This is contradictory to how you present it as “taking ideas”.
You have absolutely no legal basis to claim they are infringement
You’re mixing up different things. I’m saying that the image contains infringing material, which is hopefully not something you have to be convinced about. The production of an obviously infringing image, without the infringing elements having been provided in the prompt, is used to show how this information is encoded inside the model in some form. Whether this copyright-protected material exists in some form inside the model is not an equivalent question to whether this is copyright infringement. You are right that the courts have not decided on the latter, but we have been talking about the former. I repeat your position which I was directly responding to before:
What it detects are empirical, factual observations about the material it is shown, which cannot be copyrighted.
Plagiarism is not the same as copyright infringement. Why you think people probably plagiarize is doubly irrelevant then.
I never claimed it was, but as I said before, it is irrelevant because copyright infringement differs in places depending on the local laws, but plagiarism is usually the concept that guides the ethical position from which those laws are produced, which is why yes, it’s relevant.
Show me literally any example of the defendant’s use of “analysis” having any impact whatsoever in a copyright infringement case or a law that explicitly talks about it, or just stop repeating that it is in any way relevant to copyright.
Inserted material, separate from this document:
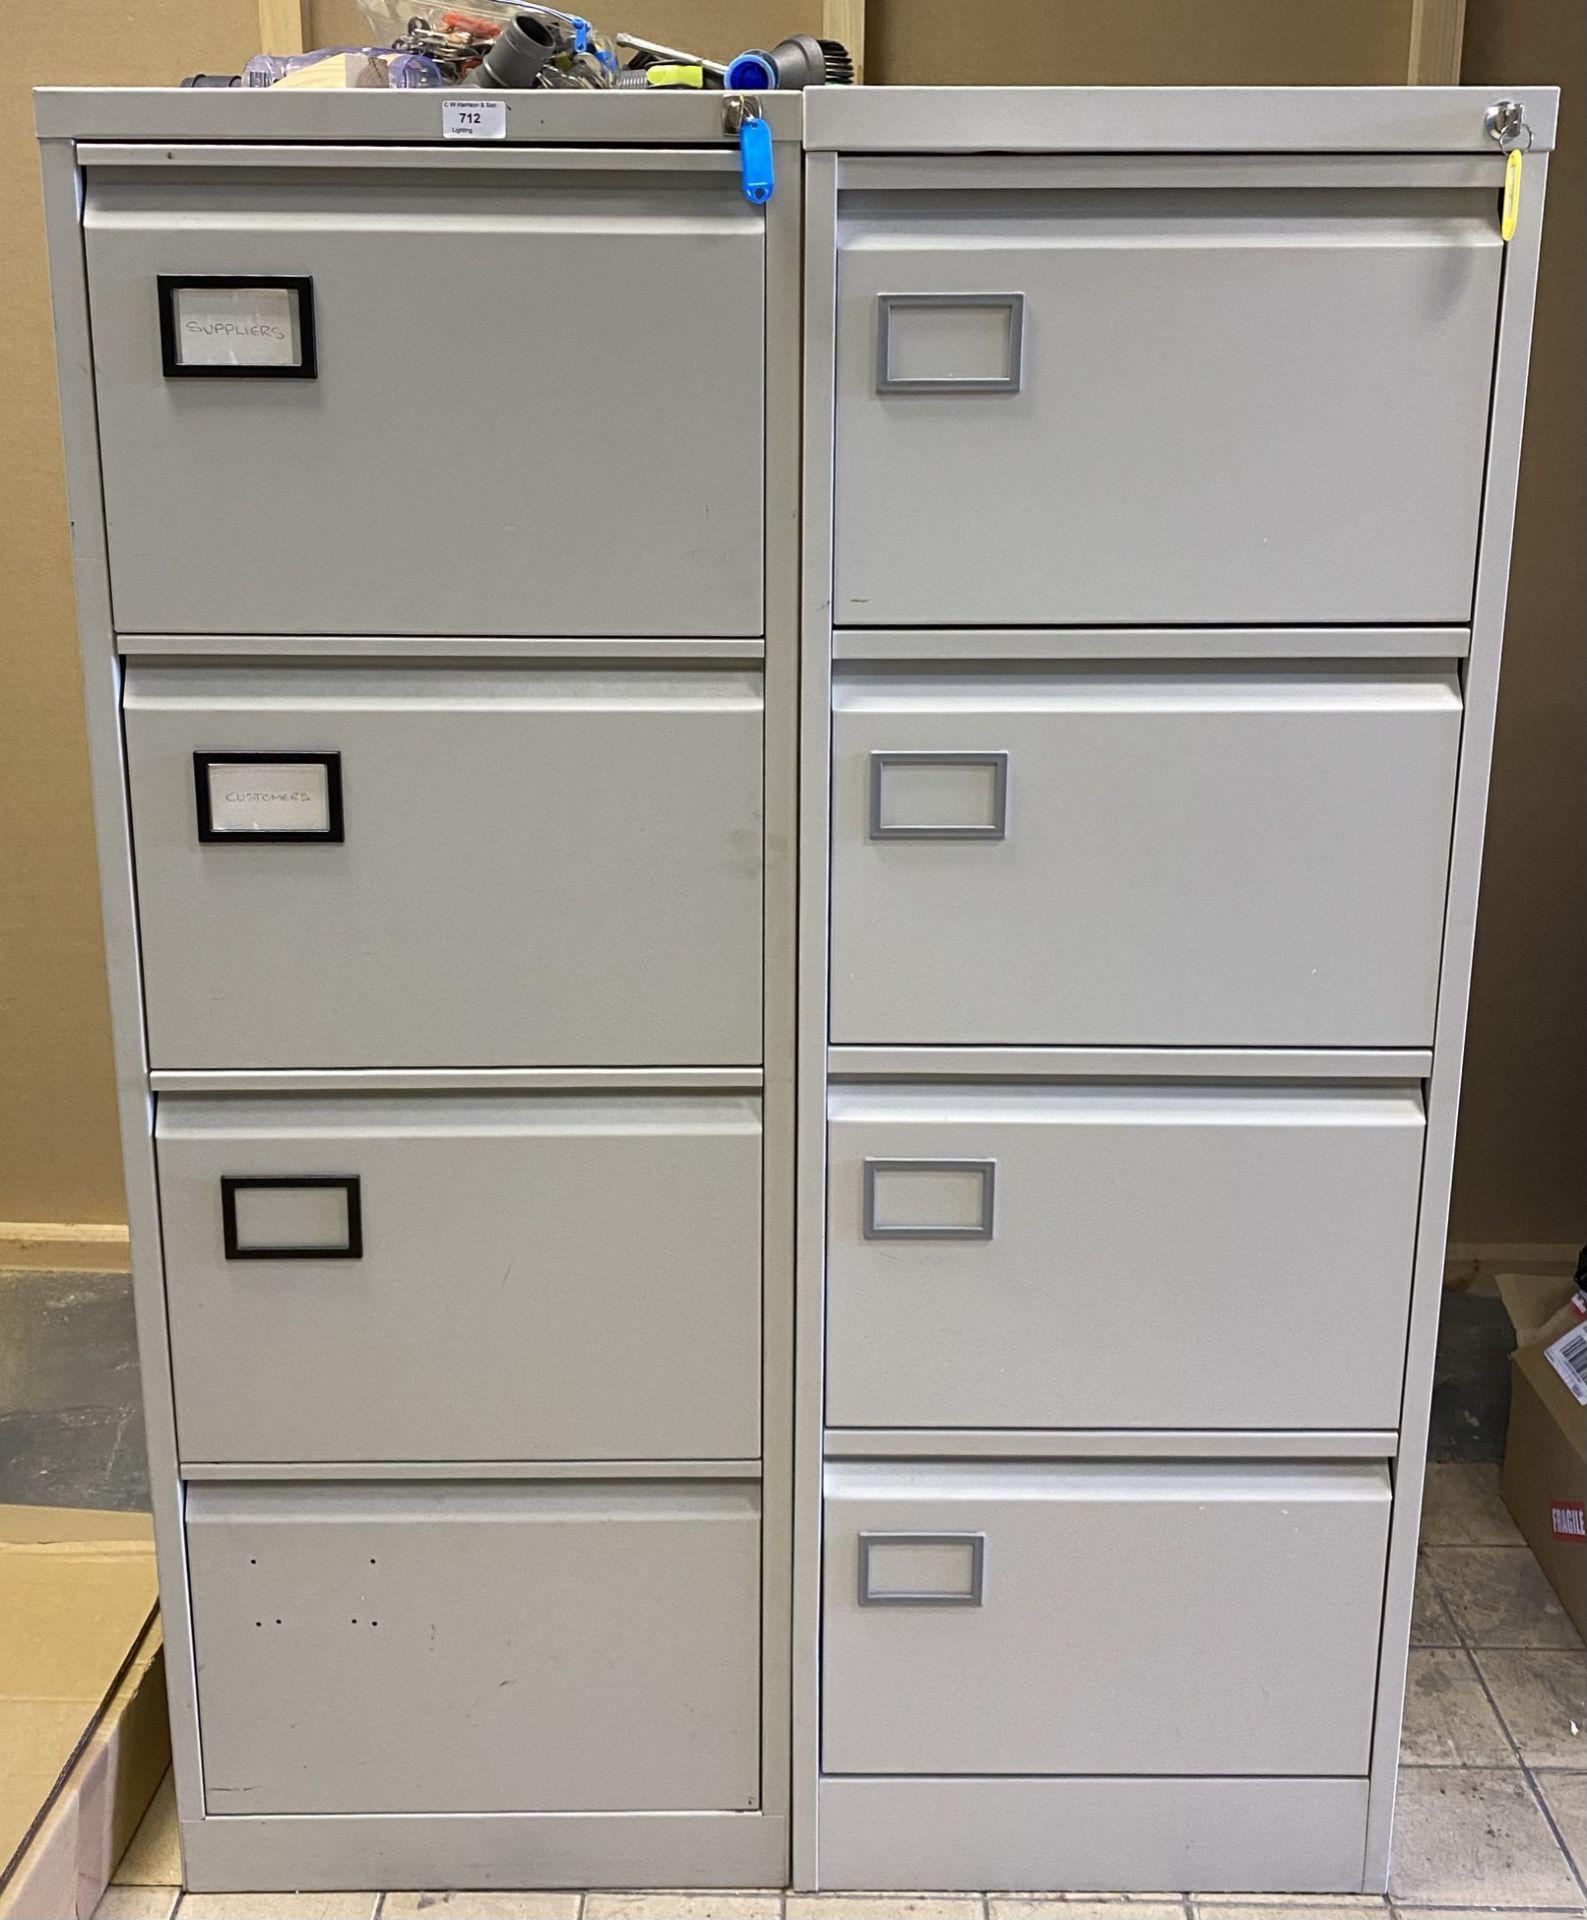 2 x 4 drawer, grey metal filing cabinets

This is an unreasonable request, and you know it to be. Again, we don’t share the same laws and different jurisdictions provide different exceptions like fair use, fair dealing, or just straight up exclusion from copyright for their use. But it is wholly besides my argument. You can look at any piece of modern media that exists in the same space and see ideas the two share, while not sharing the same expression of that idea. How some characters fulfill the same purpose, dress the same way, or have similar personalities. You are free to make a book with a plumber, a mustached man, someone wearing a red hat with the letter M on it, and someone that goes to save a princess from a castle, but if they’re not the same person they are most likely not considered to be the protected expression of Mario. Same ideas that make up Mario, one infringing, the other not.
Nobody goes to court over this because EVERYONE takes each others ideas, “Good artists copy, great artists steal”. It’s only when you step on the specific expression of an idea that it becomes realistically actionable, and at that point transformativeness is definitely discussed almost every single time, because it is critical to determining the copyright was actually infringed, or if not.
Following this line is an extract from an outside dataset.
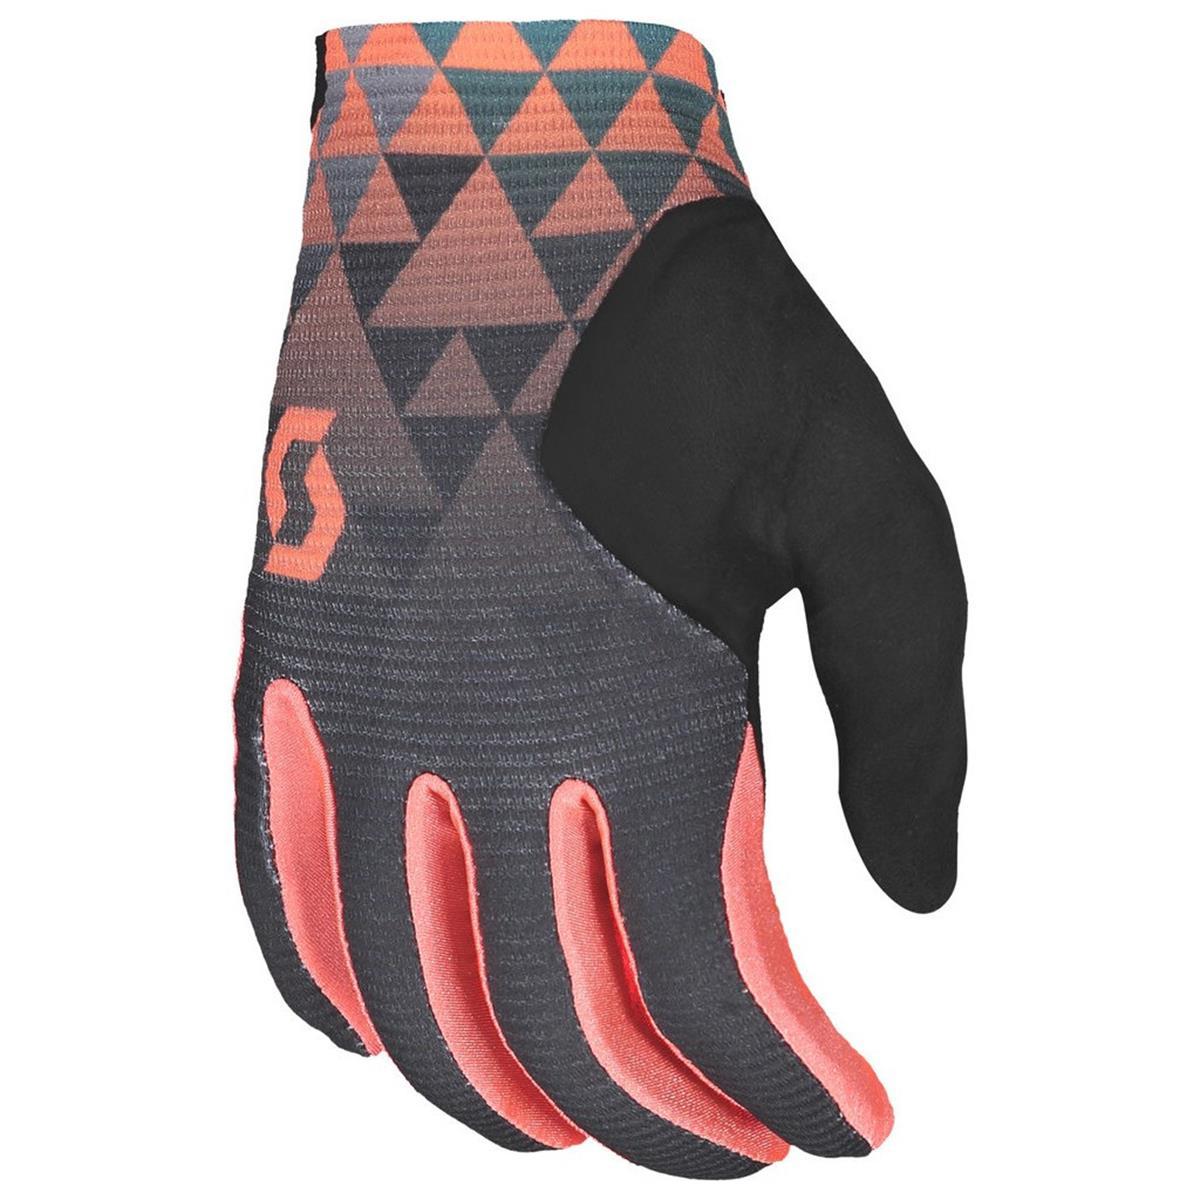 Scott Bike-Handschuhe Ridance Dunkelgrau/Camellia Pink

Wrong. The “all together” and “without adding new patterns” are not legal requirements. You are constantly trying to push the definition of copyright infringement to be more extreme to make it easier for you to argue.
I’m sorry but, are you really being this dishonest? I’ve mentioned EXPLICITLY in my last comment that I wasn’t giving a definition of copyright infringement, because it’s besides the point, and not what I’m claiming. Yet here you are saying I am “trying to push” a definition. We are not lawyers or law scholars speaking to each other, I am having a discussion with you as another anonymous person on a message board.
Unfortunately, an AI has no concept of ideas, and it simply encodes patterns, whatever they might happen to be.
You are just arguing semantics and linguistics, it’s meaningless. We are not talking technical specifics, not even a specific model, nor a specific technique to specific exactly how the information is encoded. It’s a rough concept of “ideas” / “data” / “patterns”: information. And AI definitely has that.
Again, you’re morphing the discussion to make an argument.
You mean, I’m making an argument. Because yes. I am. I don’t see why this negative framing is necessary nor why this is noteworthy enough to bring up, unless you really just want to make me look bad for no apparent reason.
Mario’s likeness has to be encoded into the model in some way. Otherwise, this would not have been the image generated for “draw an italian plumber from a video game”. There is absolutely nothing in the prompt to push GPT-4 to combine those elements. There are also no “new” patterns, as you put it. That’s exactly the point of the article. As they put it:
Yes, there is some idea/pattern of “Mario-ness” in the model, I said that. This was not me trying to say no material of Mario was used in training, but that it’s not like someone pasted direct images of Mario in there, but that AI models makes logical connections between concepts and even for things we cannot put a good name to does it make those connections, and will allow you to prompt for them, but that does not mean you should.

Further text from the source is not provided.